ABOUT THIS TASK: An exact repetition of the data is required; no picture should appear in it.

DATASET EXTRACT:
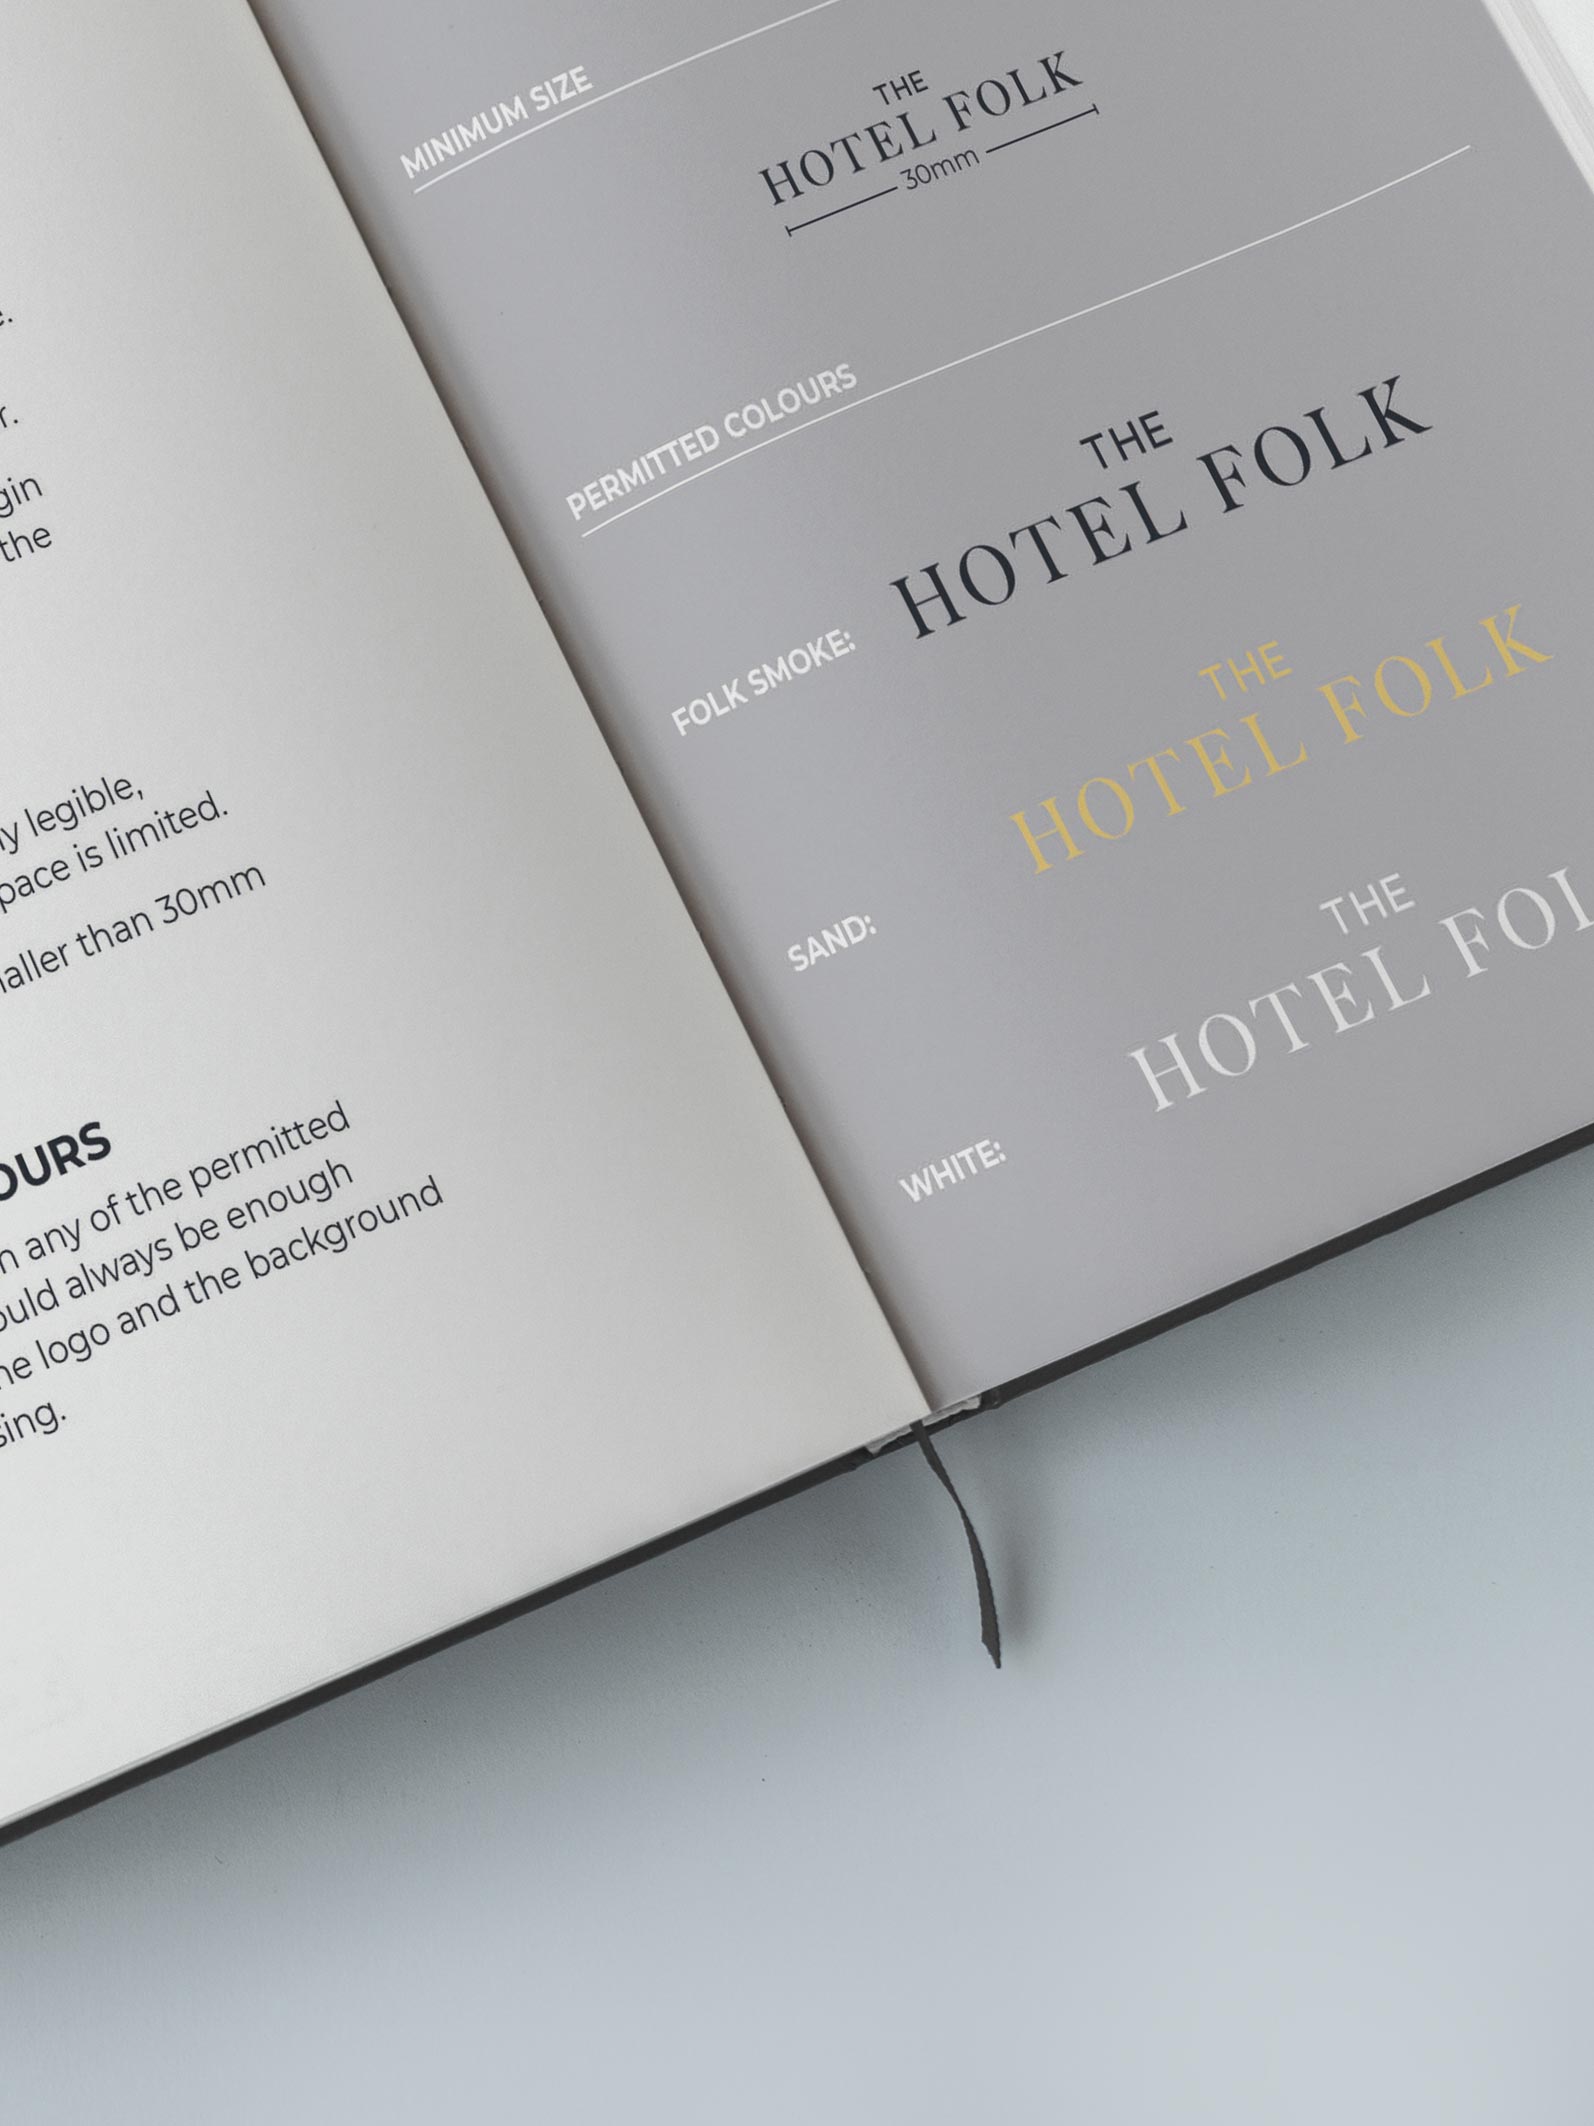 Hotel-Folk-11
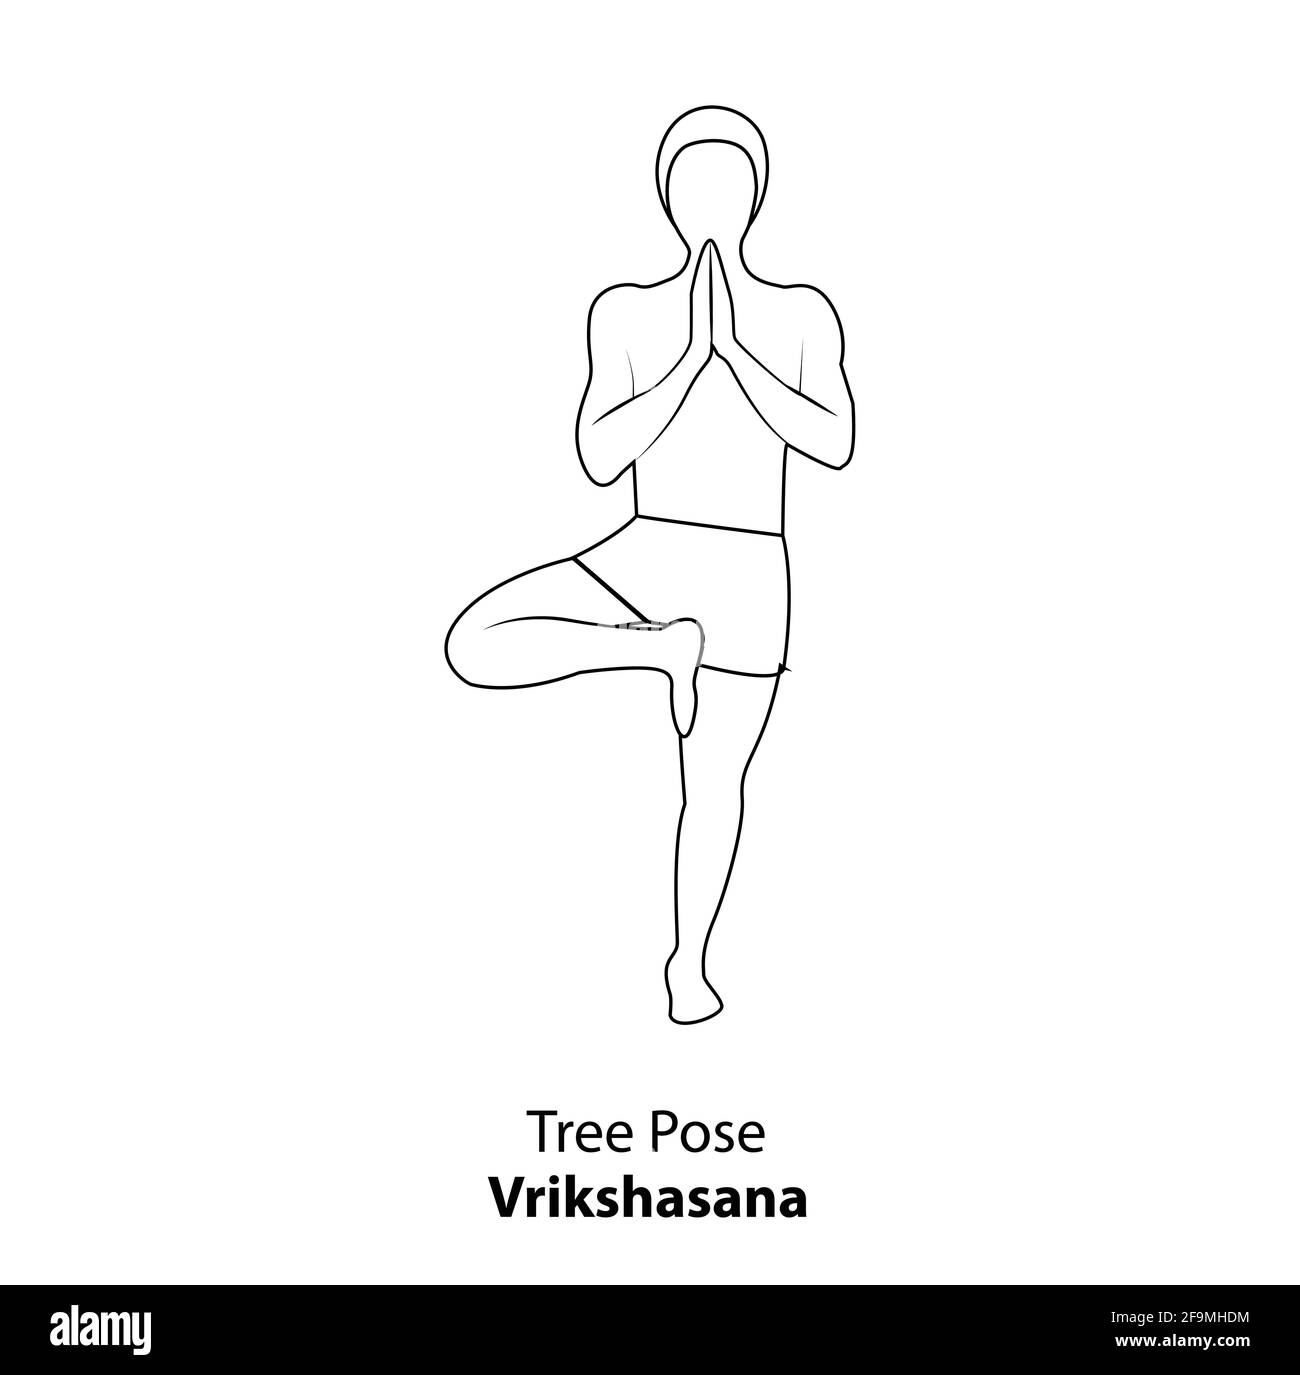 Homme pratiquant le yoga pose isolé contour Illustration. Homme debout dans la pose d'arbre ou la pose vrikshasana, icône de ligne d'Asana de Yoga Illustration de Vecteur
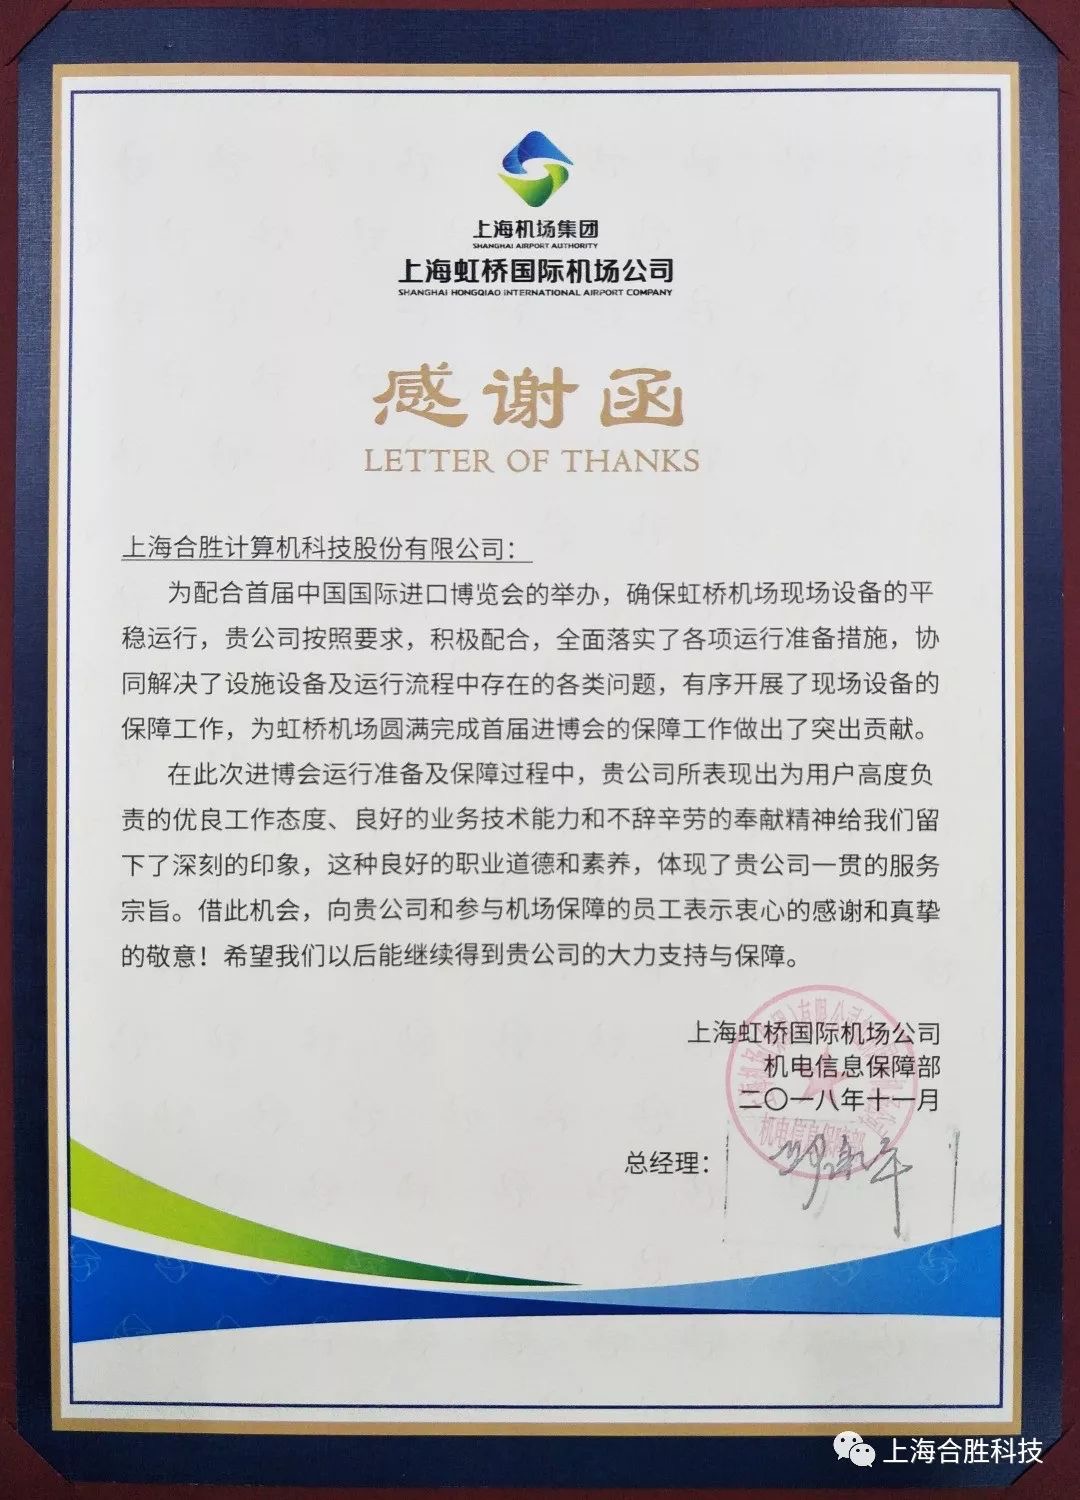 上海虹桥国际机场公司向合胜科技致感谢函
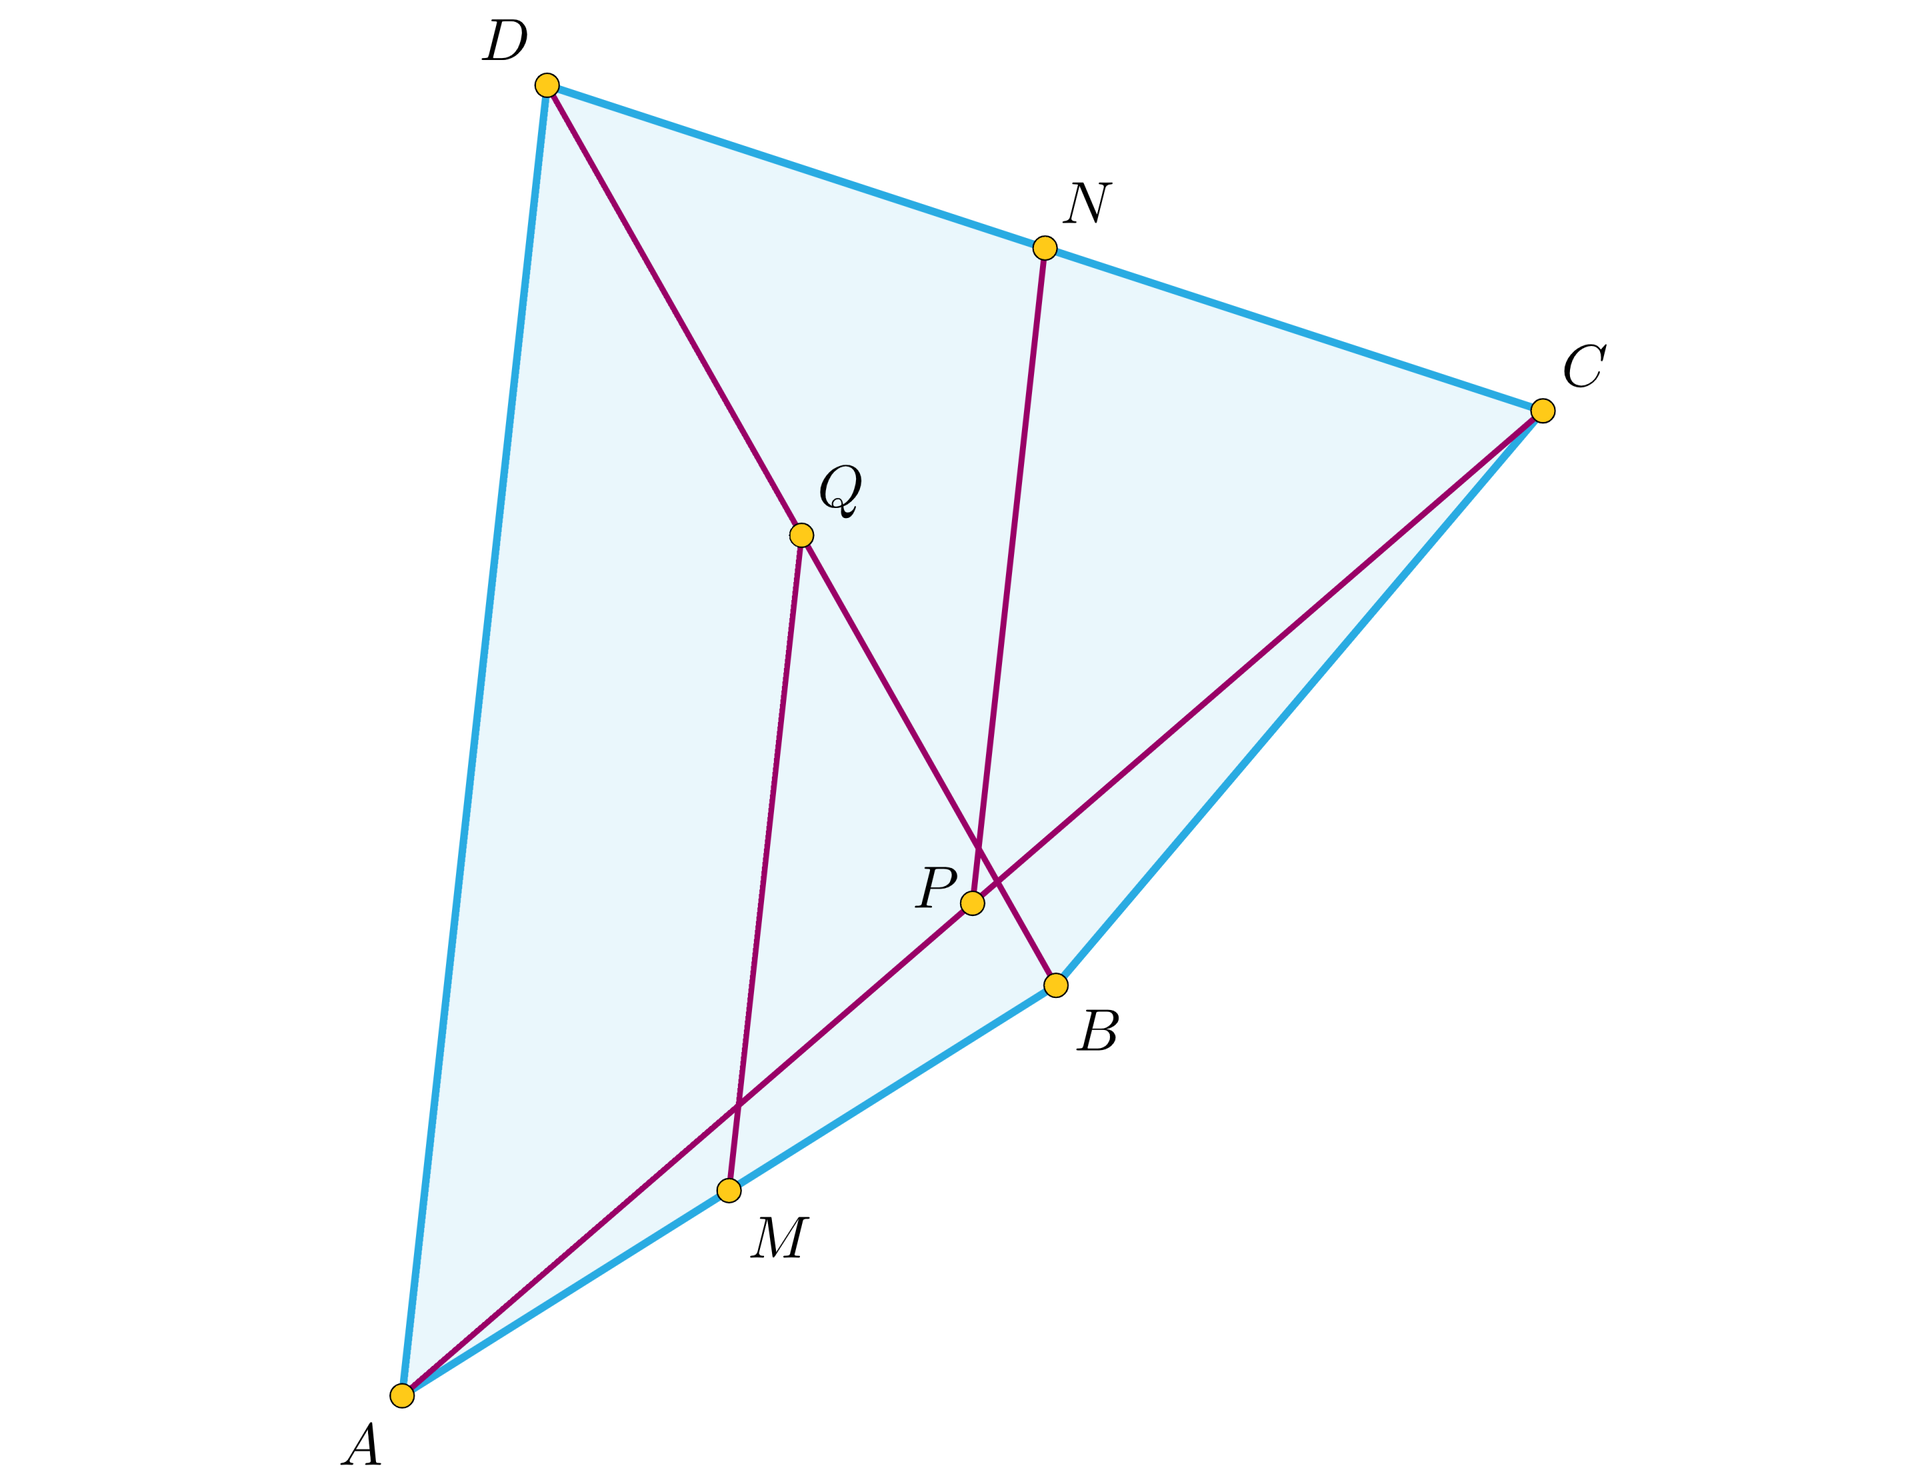 Ilustracja przedstawia czworokąt A B C D o różnych bokach. W czworokącie poprowadzono przekątne A C oraz B D.  Na rysunku zaznaczono  cztery środki odcinków: punkt M jest środkiem boku A B, punkt Q jest środkiem przekątnej B D. Punkty te połączono w odcinek M Q przecinający przekątną A C. Kolejne dwa środki to punkt N będący środkiem boku C D oraz punkt P będący środkiem przekątnej A C. Środki połączono w odcinek N P, który przecina przekątną B D. Żaden ze środków przekątnych nie pokrywa się z punktem przecięcia przekątnych.

TASK SOLUTION:
 Hotel-Folk-11
 Homme pratiquant le yoga pose isolé contour Illustration. Homme debout dans la pose d'arbre ou la pose vrikshasana, icône de ligne d'Asana de Yoga Illustration de Vecteur
 上海虹桥国际机场公司向合胜科技致感谢函
 Ilustracja przedstawia czworokąt A B C D o różnych bokach. W czworokącie poprowadzono przekątne A C oraz B D.  Na rysunku zaznaczono  cztery środki odcinków: punkt M jest środkiem boku A B, punkt Q jest środkiem przekątnej B D. Punkty te połączono w odcinek M Q przecinający przekątną A C. Kolejne dwa środki to punkt N będący środkiem boku C D oraz punkt P będący środkiem przekątnej A C. Środki połączono w odcinek N P, który przecina przekątną B D. Żaden ze środków przekątnych nie pokrywa się z punktem przecięcia przekątnych.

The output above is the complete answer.